In August 2020, Wolff finished in a tie for fourth place at the PGA Championship, his first major championship appearance, after a final-round 65 (five-under par). Six weeks later, in September, he led the U.S. Open at Winged Foot by two strokes heading into the final day after returning a third-round score of 65 (five-under par), the joint lowest round of the tournament. A final round of 75 (five-over par) saw him finish as runner-up, six strokes behind winner Bryson DeChambeau. His second top-five finish from his first two major championships earned him $1,350,000.

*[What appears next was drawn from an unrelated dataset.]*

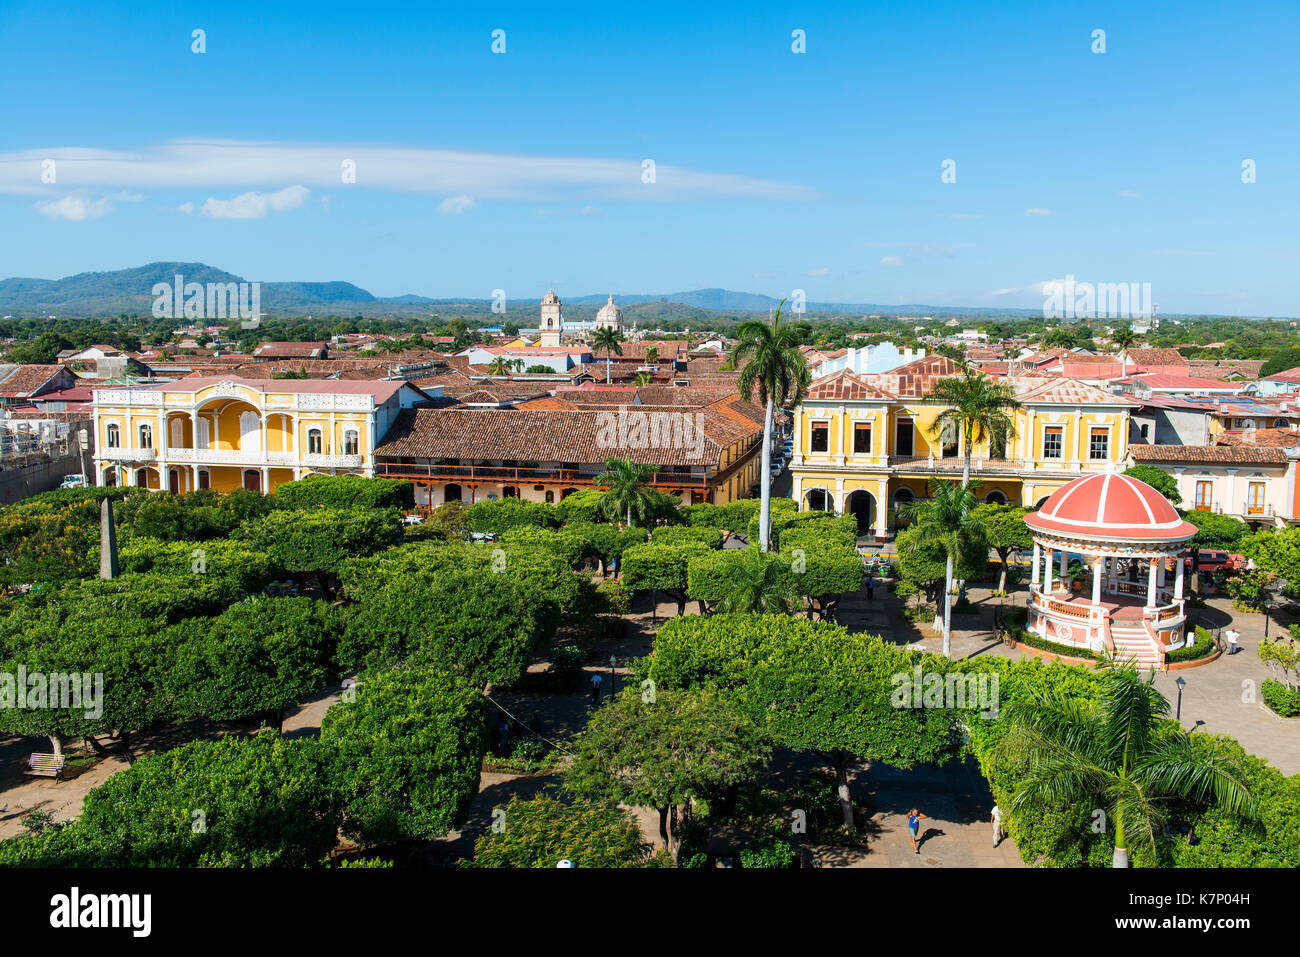 View from the cathedral Nuestra Senora de la Asuncion to the houses at the Parque Central, Old Town, Granada, Nicaragua Stock Photo
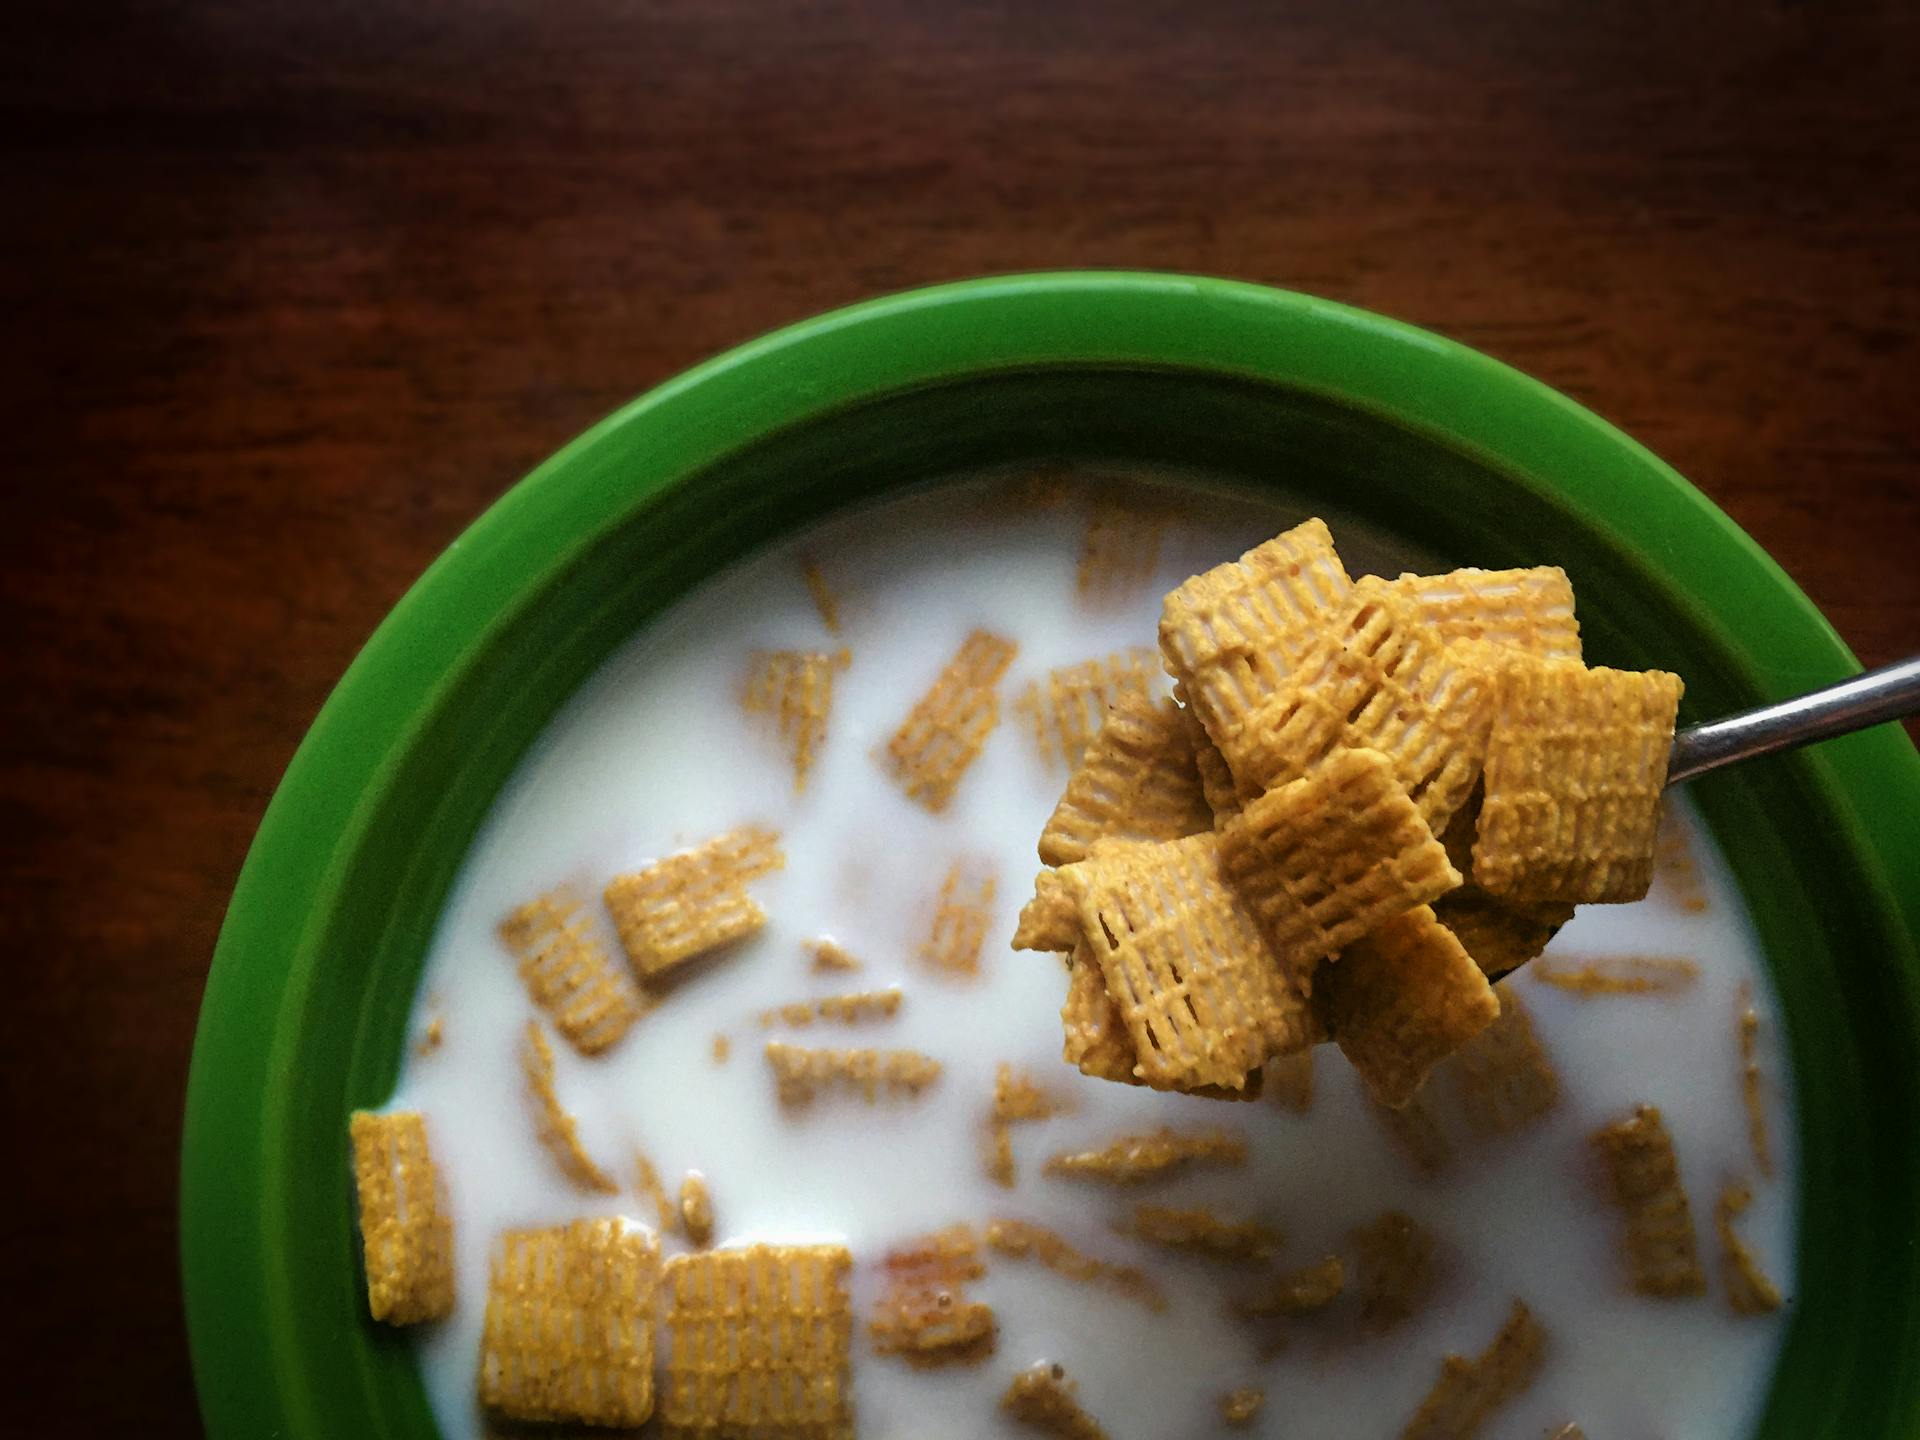 A bowl of cereal | Source: Pexels

In June 2022, Wolff joined LIV Golf, and was subsequently suspended by the PGA Tour after playing in his first event. He has recorded three top-10s since his LIV Golf debut, most notably finishing tied for second in Bedminster, two shots behind winner Henrik Stenson.

==Amateur wins==
- 2018 The Carmel Cup, OFCC Fighting Illini Invite, Royal Oaks Intercollegiate
- 2019 The Amer Ari Invitational, Valspar Collegiate, NCAA Division I individual championship

Source:

==Professional wins (1)==
===PGA Tour wins (1)===

| No. | Date | Tournament | Winning score | To par | Margin of victory | Runners-up |
|---|---|---|---|---|---|---|
| 1 | Jul 7, 2019 | 3M Open | 69-67-62-65=263 | −21 | 1 stroke | USA Bryson DeChambeau, USA Collin Morikawa |

PGA Tour playoff record (0–1)

| No. | Year | Tournament | Opponents | Result |
|---|---|---|---|---|
| 1 | 2020 | Shriners Hospitals for Children Open | USA Austin Cook, SCO Martin Laird | Laird won with birdie on second extra hole |

==Results in major championships==
Results not in chronological order in 2020.

| Tournament | 2020 | 2021 | 2022 |
|---|---|---|---|
| Masters Tournament | CUT | DQ | CUT |
| PGA Championship | T4 |  | CUT |
| U.S. Open | 2 | T15 |  |
| The Open Championship | NT |  |  |

DQ = disqualified

CUT = missed the half-way cut

"T" = tied

NT = No tournament due to COVID-19 pandemic

==Results in The Players Championship==

| Tournament | 2022 |
|---|---|
| The Players Championship | CUT |

CUT = missed the halfway cut

==Results in World Golf Championships==

| Tournament | 2019 | 2020 | 2021 | 2022 |
|---|---|---|---|---|
| Championship |  |  | WD |  |
| Match Play |  | NT^{1} | T28 | T60 |
| Invitational | T24 | T49 | T17 |  |
| Champions |  | NT^{1} | NT^{1} | NT^{1} |

^{1}Cancelled due to COVID-19 pandemic

NT = No tournament

"T" = Tied

WD = withdrew

Note that the Championship and Invitational were discontinued from 2022.